Искра жизни (перевод М. Рудницкий) - Страница 1
Эрих Мария Ремарк
Искра жизни
I
Скелет номер 509 медленно приподнял голову и открыл глаза. Он не знал, что с ним было – обморок или просто заснул. Между сном и обмороком давно уже почти не было разницы, голод и истощение стерли эту грань. Сон ли, обморок ли – всякий раз тебя засасывала черная болотная муть, откуда, казалось, возврата уже нет.
Какое-то время пятьсот девятый лежал тихо – он прислушивался. Это было старое лагерное правило: покуда ты не движешься, остается надежда, что тебя не заметят или сочтут мертвецом, ведь никогда нельзя знать, с какой стороны грозит опасность; старый как мир закон природы, известный любой букашке.

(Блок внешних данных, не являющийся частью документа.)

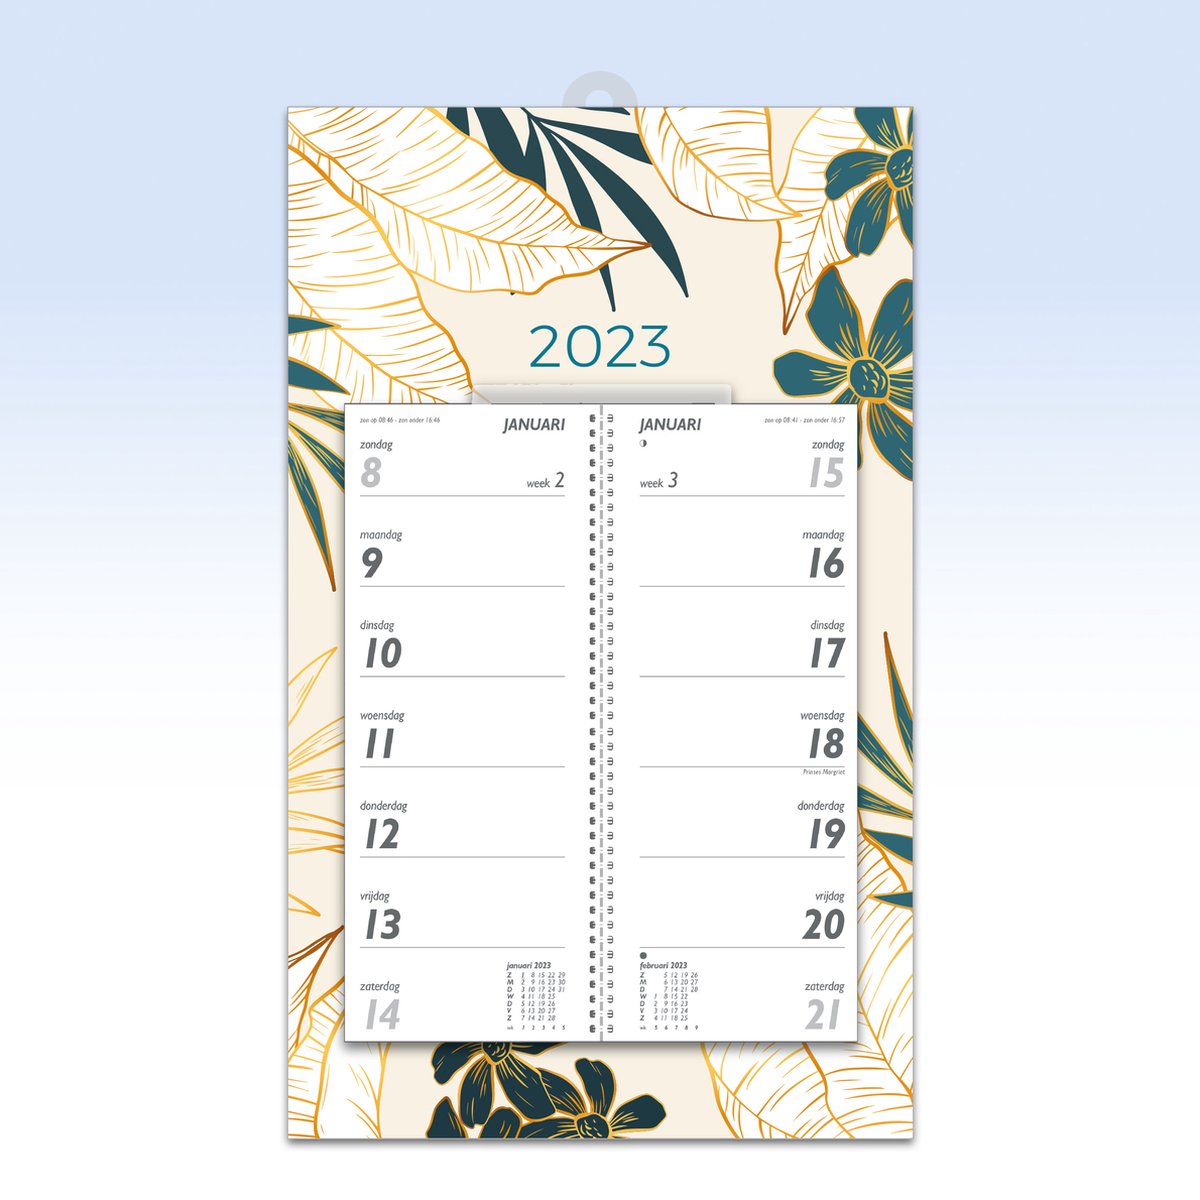 Omleg Weekkalender 2023 op schild - 20x33 cm met schuifhanger - Weekkalender met 2 weken overzicht - beginnend op zondag

Но ничего подозрительного он не услышал. Часовые на пулеметных вышках замерли в полусонной неподвижности, да и за спиной вроде бы тихо. Он осторожно повернул голову и посмотрел назад.
Концентрационной лагерь Меллерн мирно нежился на солнышке. Просторный лагерный плац-линейка, прозванный весельчаками из СС танцплощадкой, был почти безлюден. Только справа от главных ворот на четырех мощных деревянных столбах висели четверо арестантов. Руки им связали за спиной и так, за руки, вздернули, чтобы ноги не касались земли. Плечевые суставы у всех, понятное дело, были вывернуты. Теперь два кочегара из крематория, соревнуясь друг с другом в меткости, швырялись в них из окна кусочками угля, но ни один из четверых даже не дернулся. Они висели уже полчаса и давно были без сознания.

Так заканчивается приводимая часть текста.